# DATASET EXCERPTS
**********

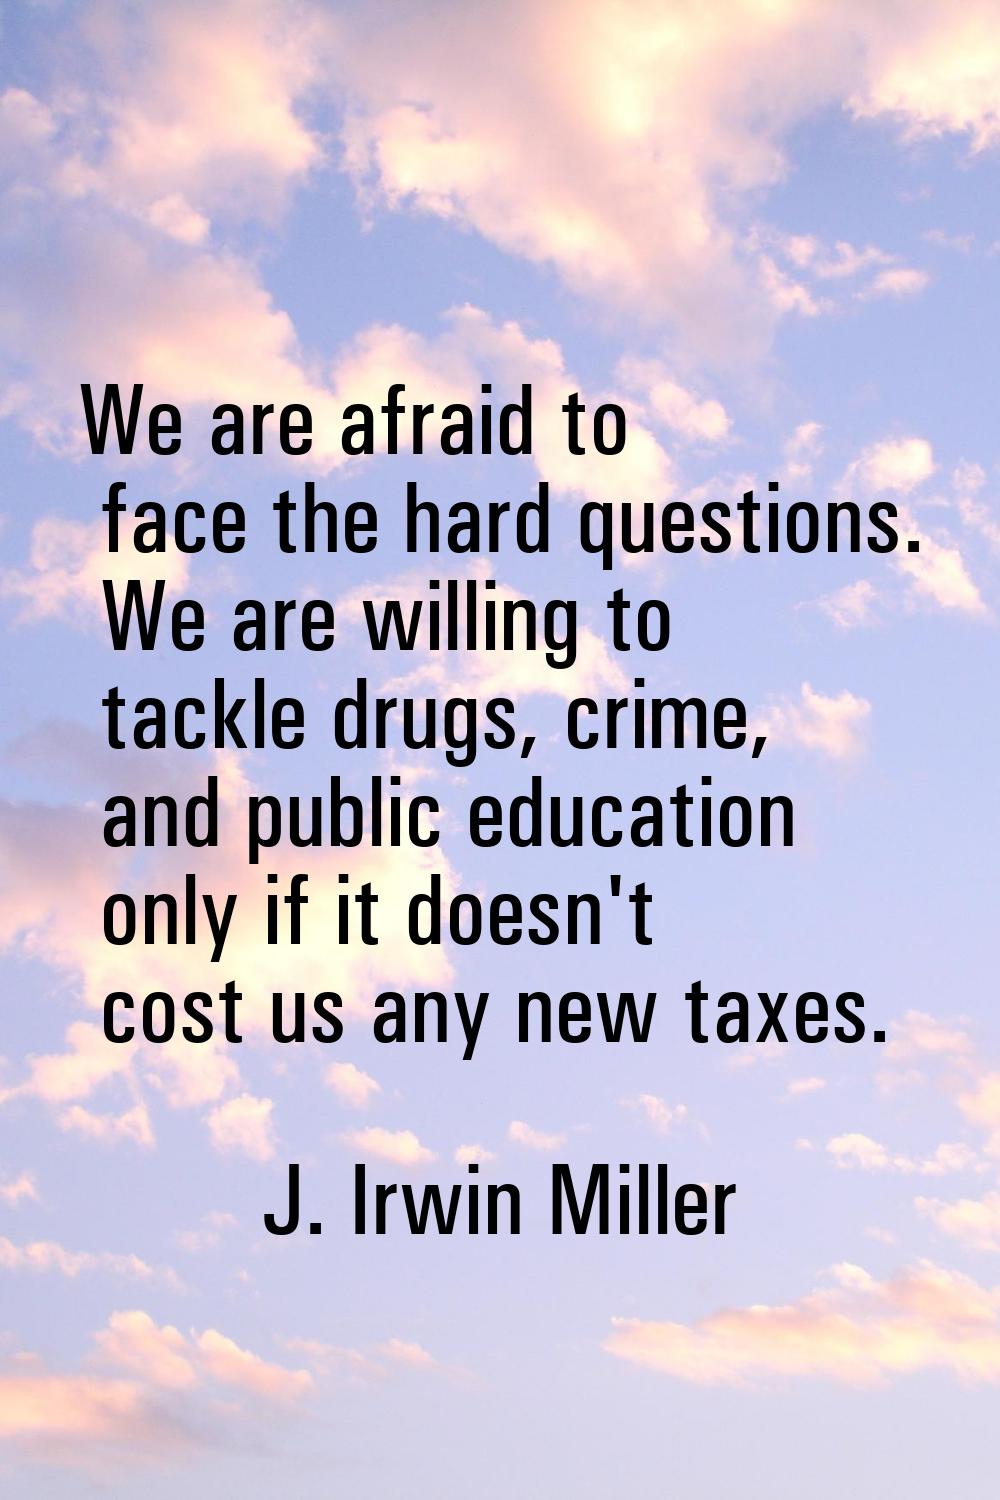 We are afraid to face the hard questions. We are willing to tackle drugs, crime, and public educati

**********

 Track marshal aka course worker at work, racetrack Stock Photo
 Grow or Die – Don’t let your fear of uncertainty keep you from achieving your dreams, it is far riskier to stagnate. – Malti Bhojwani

**********

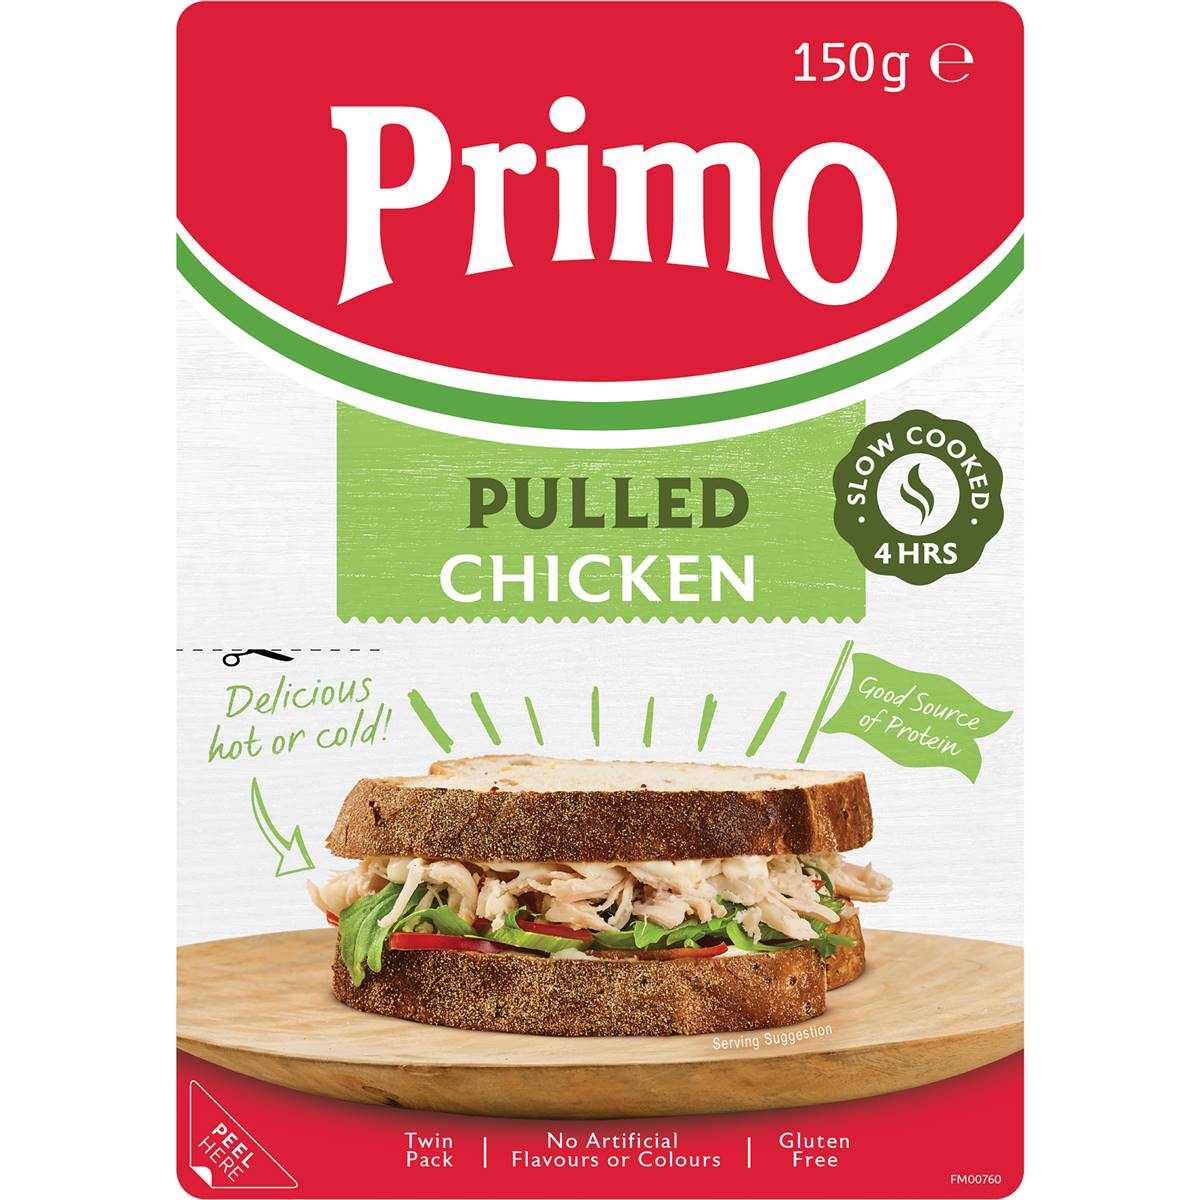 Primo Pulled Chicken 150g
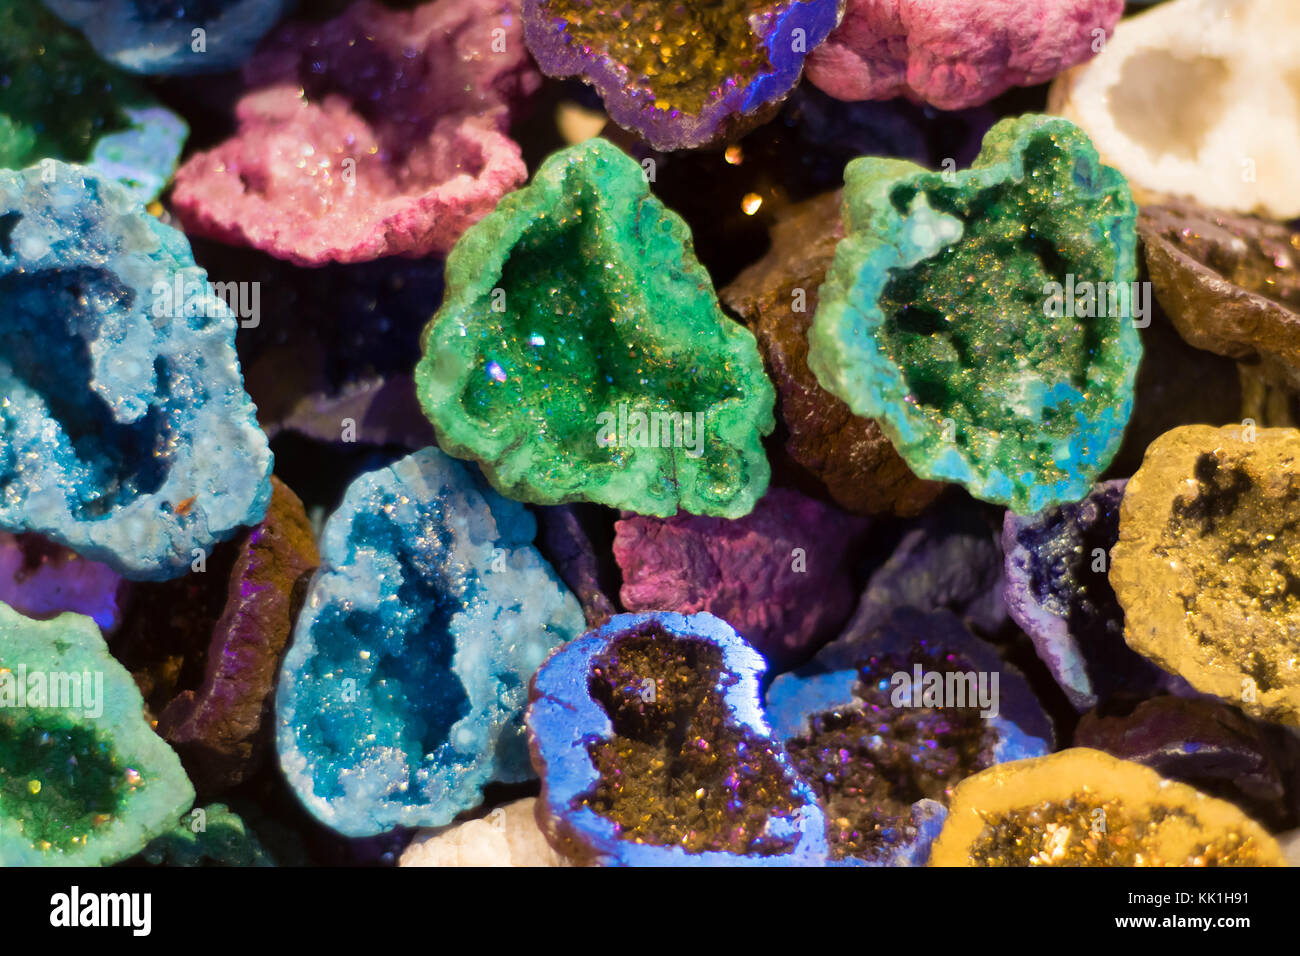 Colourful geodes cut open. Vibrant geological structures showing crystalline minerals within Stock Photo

**********

# INSTRUCTIONS FOR THE TASK
Look above for the line with "Track marshal aka" and the line with "Grow or Die", and reproduce exactly those two lines plus every line between, nothing more.

# TASK SOLUTION
 Track marshal aka course worker at work, racetrack Stock Photo
 Grow or Die – Don’t let your fear of uncertainty keep you from achieving your dreams, it is far riskier to stagnate. – Malti Bhojwani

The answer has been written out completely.